One of the most important lessons one learns from traveling abroad is to be culturally sensitive. A self-professed sophisticate like myself would never want to be considered to be the prototypical “Ugly American.”


Yet as I’m visiting the Persian Gulf kingdom of Qatar I’ve been thinking about who gets to decide on culture.


Most of us believe that certain practices are beyond the bounds of tolerance. Consider the Indian practice of suttee—the burning of widows—which Britain banned. Set aside whether the British government should have shown up with soldiers, guns, and warships and claimed the Indian subcontinent as its own; once there, surely it was right to forbid murder.


In a story that may be apocryphal but should be true even if not, an Indian complained to a British colonial official that it was tradition to burn widows on their deceased husbands’ funeral pyres. The official replied, according to the story, that it was British tradition to execute those who burned widows on their deceased husbands’ funeral pyres.


Of course, nothing like suttee is going on in Qatar. Indeed, as Muslim societies go, it is a pretty liberal place. Observance of conservative Islamic tenets is routine but often not deeply held. Some younger Qatar citizens (and TV cameramen!) look a lot like their Western counterparts. I wasn’t the only person on my flight to arrive wearing shorts. Hotels that cater to Westerners serve alcohol and provide Western television stations. Men and women use the gym together.


Still, visitors are warned to be sensitive, especially of dress. People should be modest in all circumstances. Shorts are tolerated, but should hit the knee. Shoulders should be covered.

In response, I left my short red running shorts at home. They are unexceptional in America, but I figured my longer gray gym shorts would be more appropriate for my daily walk. (My marathon-running days ended with a knee implant more than seven years ago.) I wore a muscle shirt in the gym and was going to change to a t‑shirt for my walk, but it was hot and sunny even at 6:30 am. So I figured, what the heck? My hotel is in an isolated area in the midst of multiple construction projects, so I doubted there were many fundamentalists around who would be upset to see my shoulders. I repeated the experiment on the second morning without incident.


But should I even care? If I was visiting Pakistan (as I did a couple months ago) or one of many other “real” nations with a Muslim majority, I would answer “Of course.” But citizens of Qatar, like most of the other Gulf sheikdoms, have effectively subcontracted their society to others. Oil wealth means the government, which essentially is a wholly-owned subsidiary of the al-Thani royal family, hires foreigners to fill most jobs except security.

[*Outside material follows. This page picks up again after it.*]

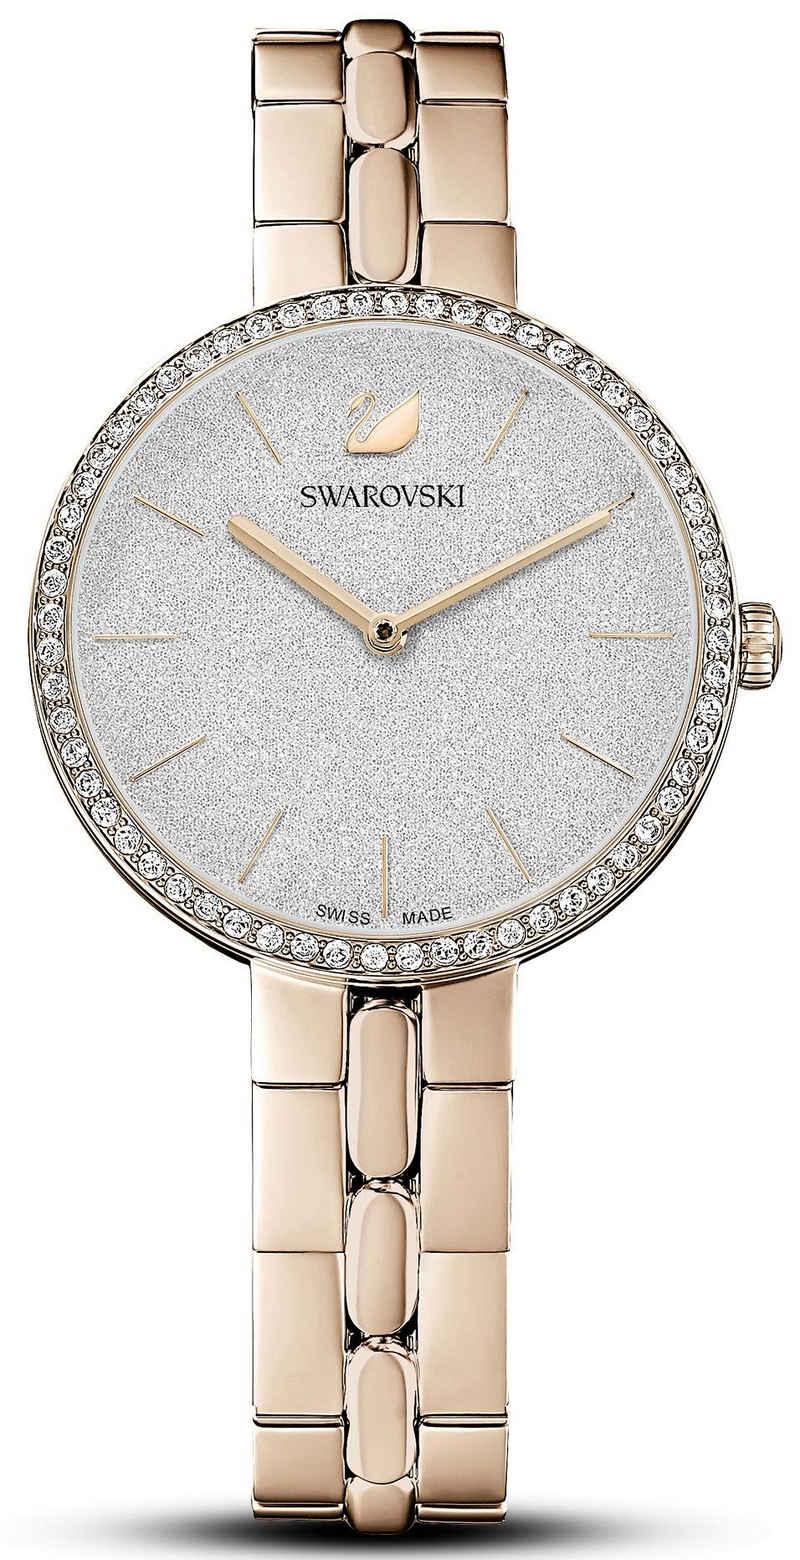 Swarovski Schweizer Uhr »COSMOPOLITAN, 5517794«, Zifferblatt mit Glitzerlack
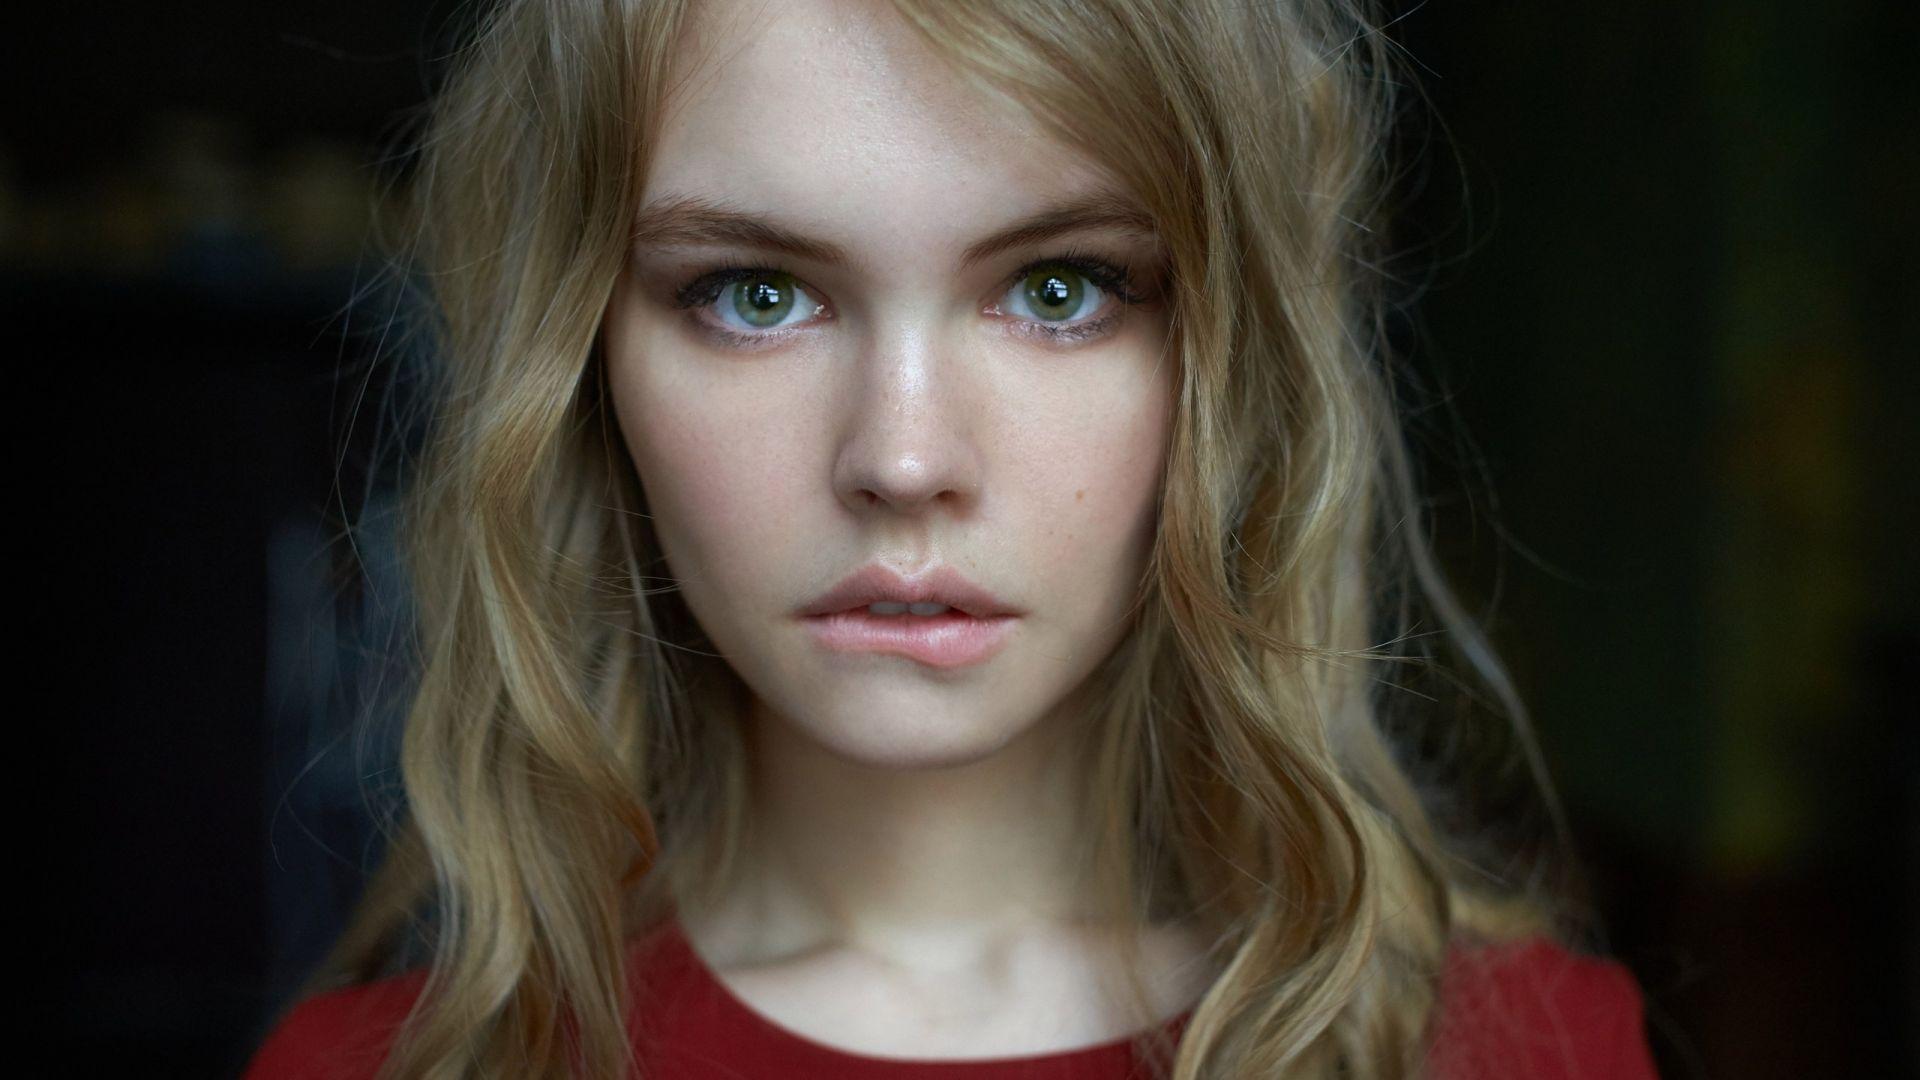 Wallpaper Anastasia scheglova, face, girl model, green eyes

Hotel staff, drivers, construction workers, sound and video personnel, airport workers, and most everyone else, skilled and unskilled alike, are foreigners. Qatar’s population is roughly 1.9 million. Barely 250,000 of them are citizens, less than 15 percent. In a contract sense, the 250,000 have a perfect right to hire whoever they want with whatever conditions they want. That could include respecting the local culture.


However, people do not come as empty vessels. They have beliefs and habits. Together they have communal practices that reappear when they congregate together. In Qatar one quarter of the population is from India. Another 25 percent comes from elsewhere in the Indian subcontinent—Nepal, Pakistan, and Sri Lanka. One out of 10 comes from the Philippines. Some of these foreign residents are Muslim, but most are not. Add the many tourists and businessmen who visit and Qatar looks even less traditional. In sum, Qatar today is a different Qatar from yesterday. It is unreasonable to expect Qatar’s culture to be unaffected by the change.


It’s really a matter of choice. If you submerge your society in foreigners who believe and act differently than yourself, can you really expect them not to act as they believe in your nation? Or should you accept the fact that you are inviting in their culture along with them? So don’t complain if they wear skimpy clothes, drink different liquids, follow other religions, and so on.


I still have the feeling that I’m a guest here and don’t want to act like the Ugly American. But I’m feeling a bit less sympathetic about local cultural sensitivities. Almost everyone I’ve met here in Qatar is from somewhere else. Who should get to decide what culture in Qatar should be?